(Beginning of PROVIDED DATA)

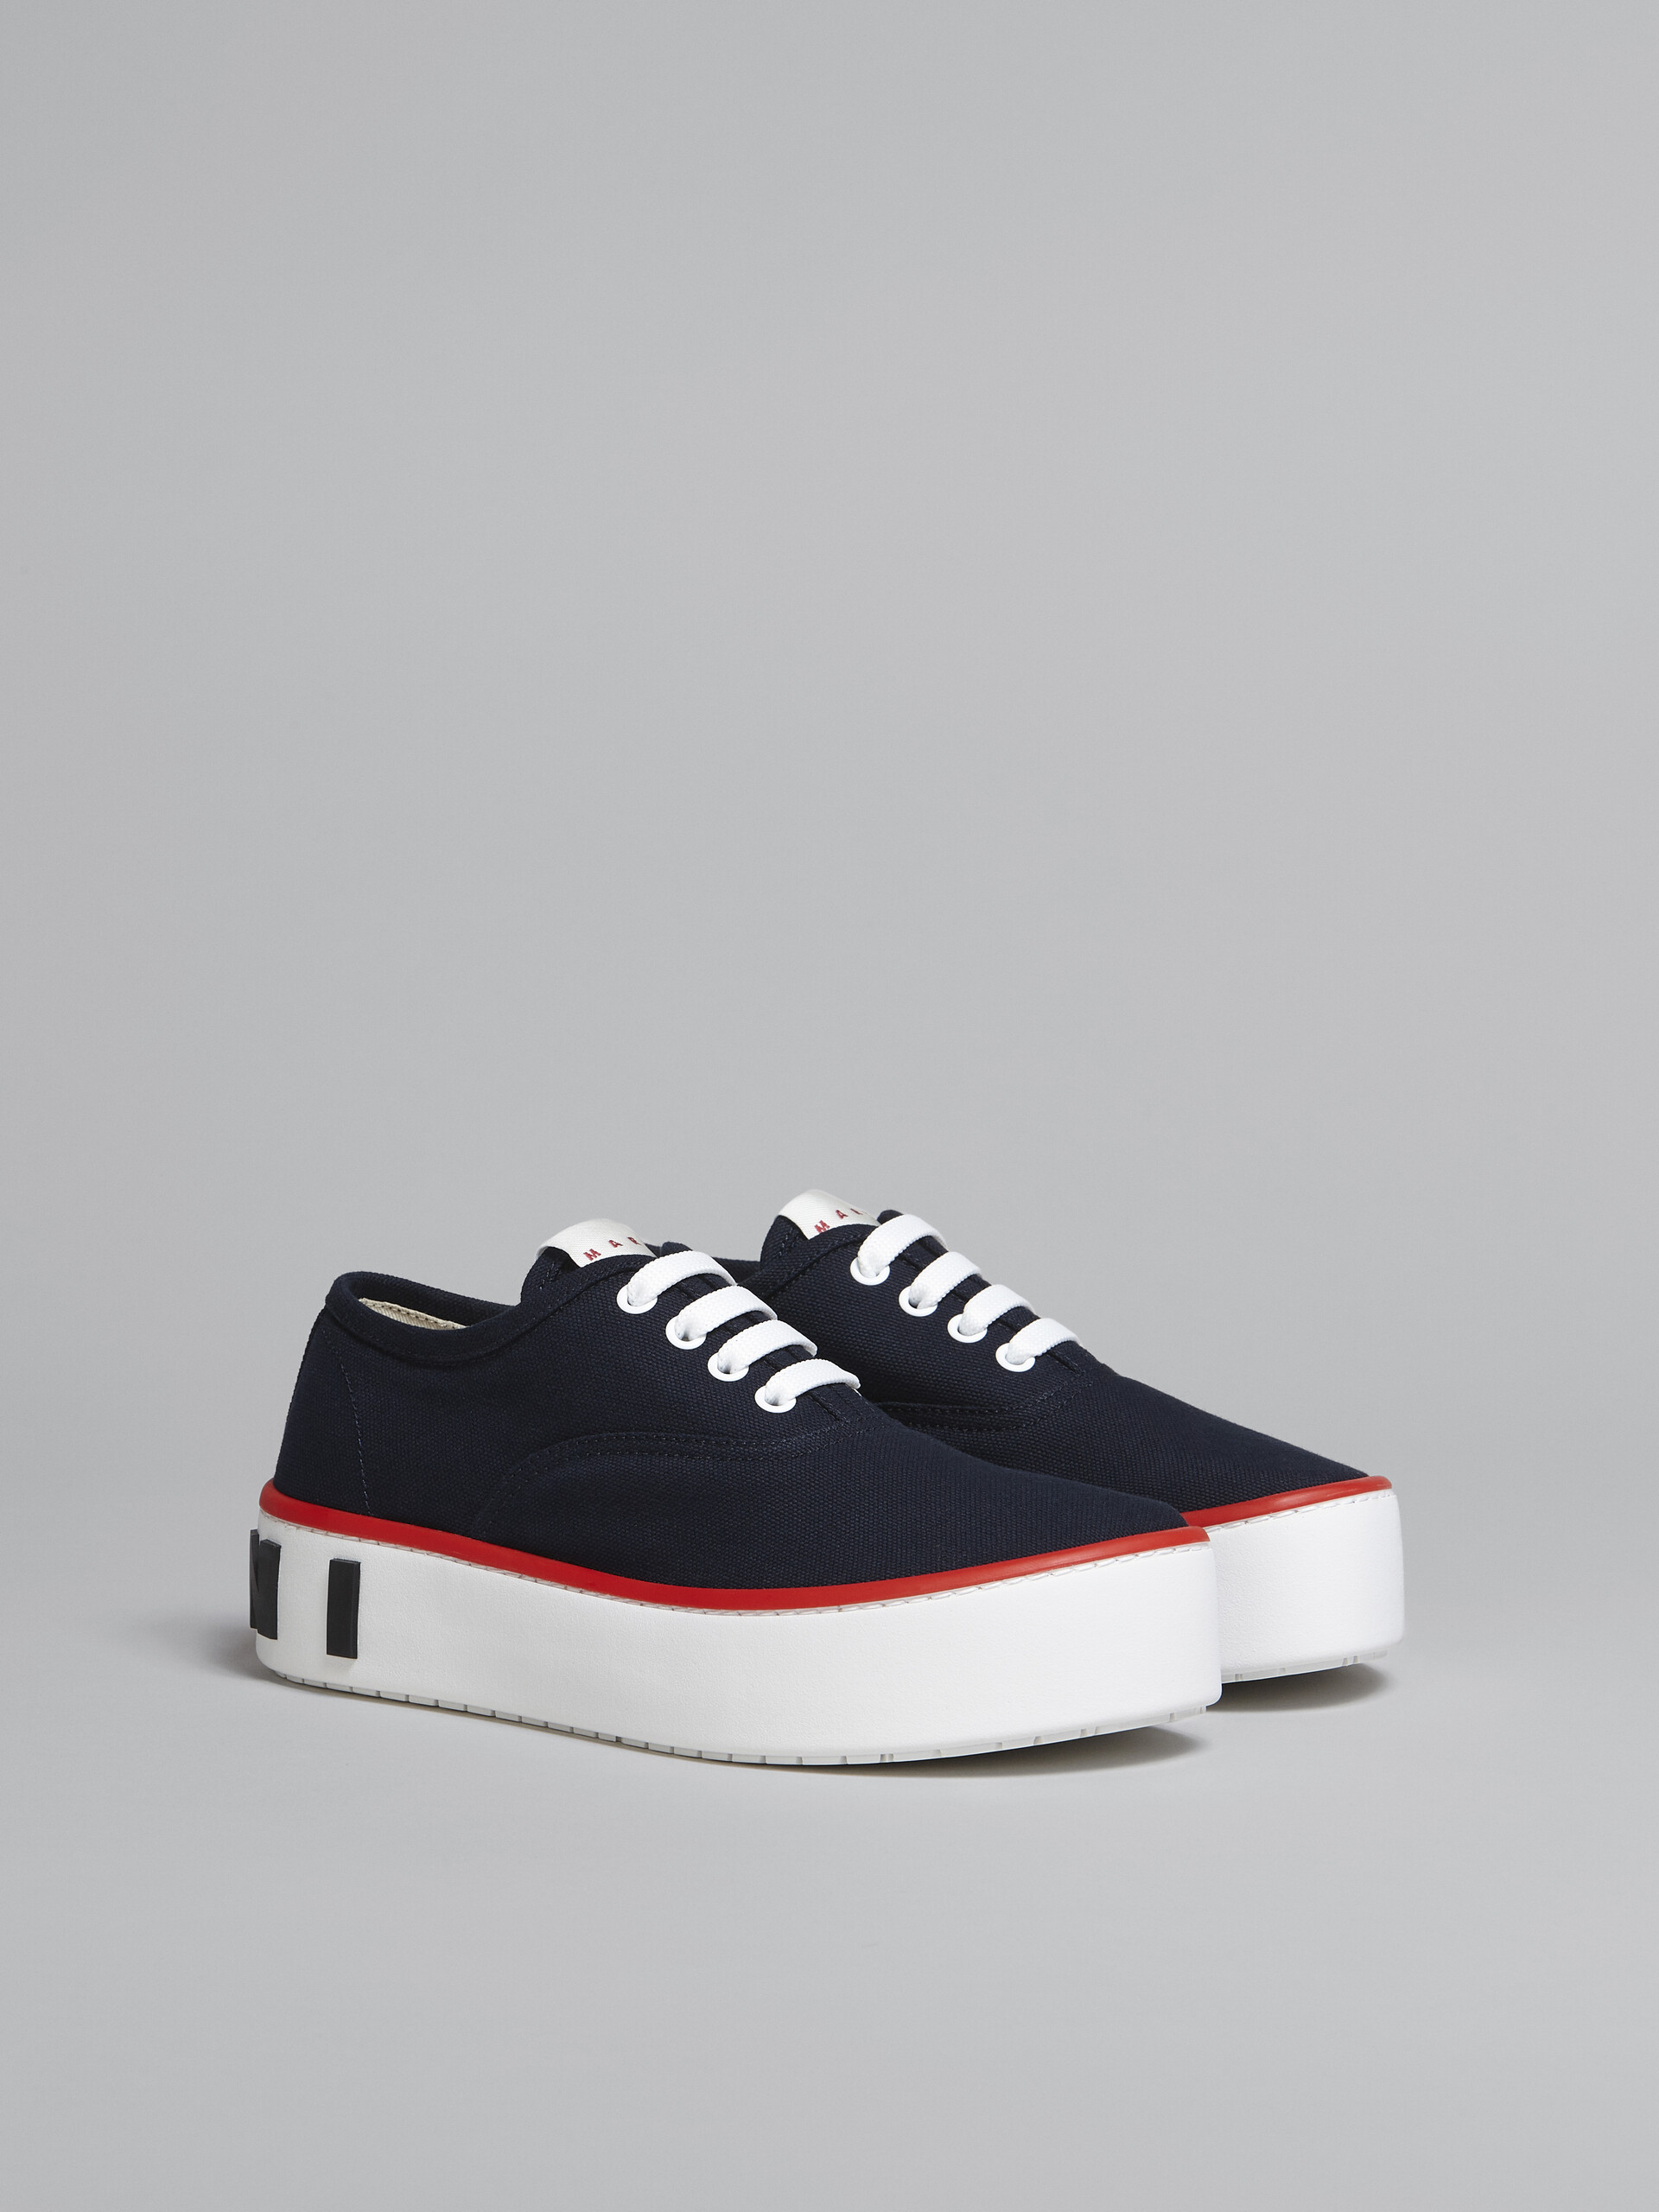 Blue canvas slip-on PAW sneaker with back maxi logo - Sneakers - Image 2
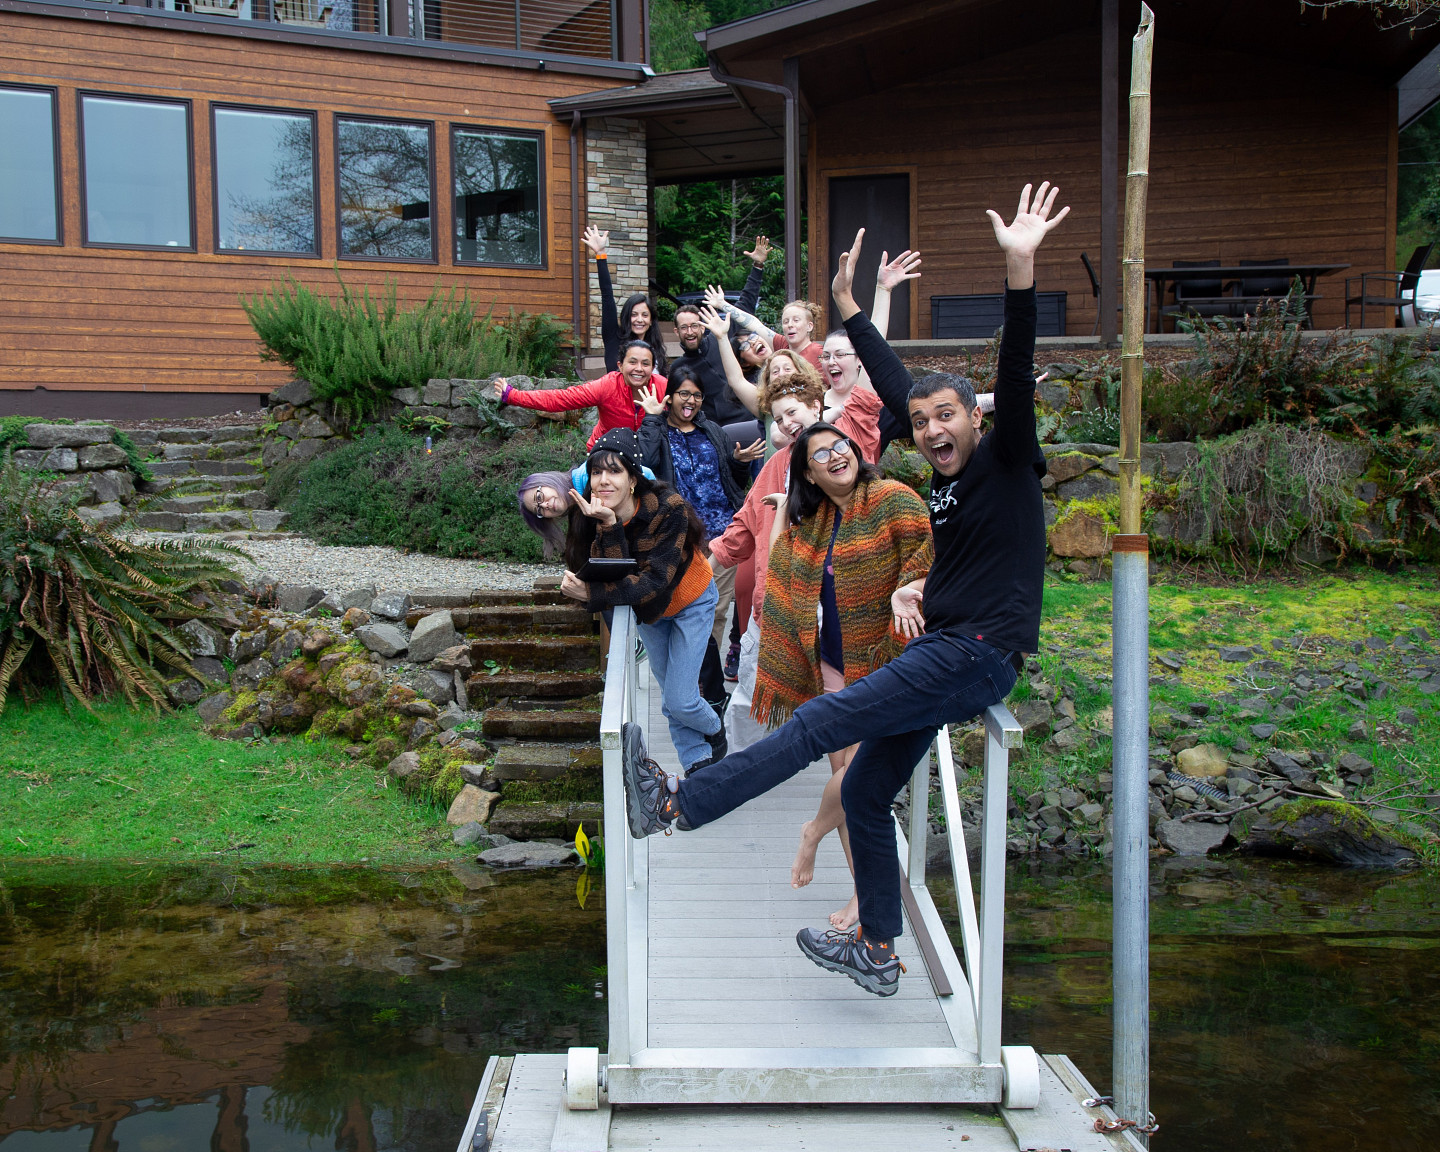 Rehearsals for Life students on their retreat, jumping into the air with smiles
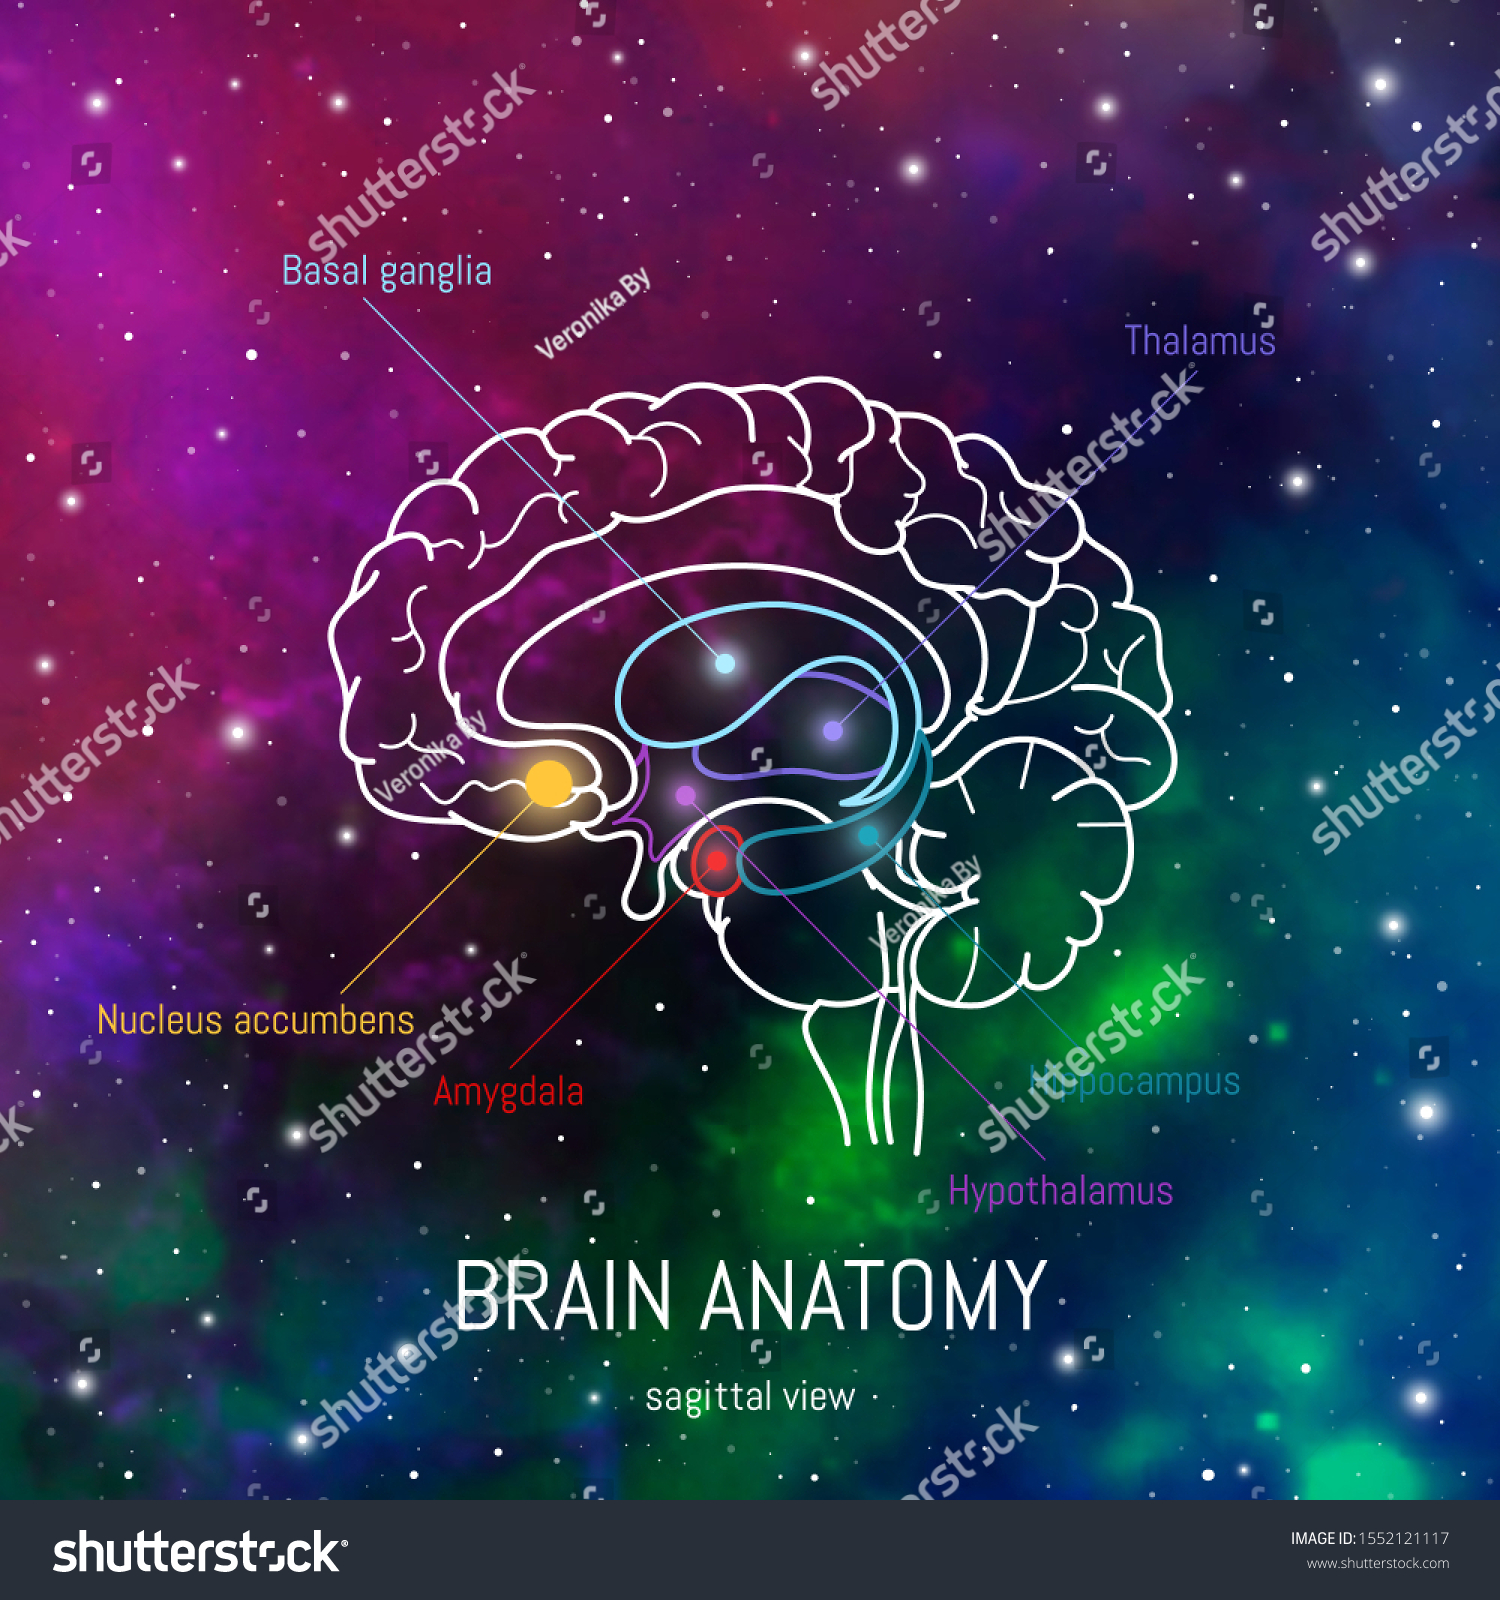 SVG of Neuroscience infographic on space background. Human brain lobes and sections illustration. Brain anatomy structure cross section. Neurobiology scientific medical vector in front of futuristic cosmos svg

(End of PROVIDED DATA)

ACTIVITY: What belongs in the answer is each line above, reproduced exactly, and no picture.

TASK RESPONSE:
 Blue canvas slip-on PAW sneaker with back maxi logo - Sneakers - Image 2
 Rehearsals for Life students on their retreat, jumping into the air with smiles
 SVG of Neuroscience infographic on space background. Human brain lobes and sections illustration. Brain anatomy structure cross section. Neurobiology scientific medical vector in front of futuristic cosmos svg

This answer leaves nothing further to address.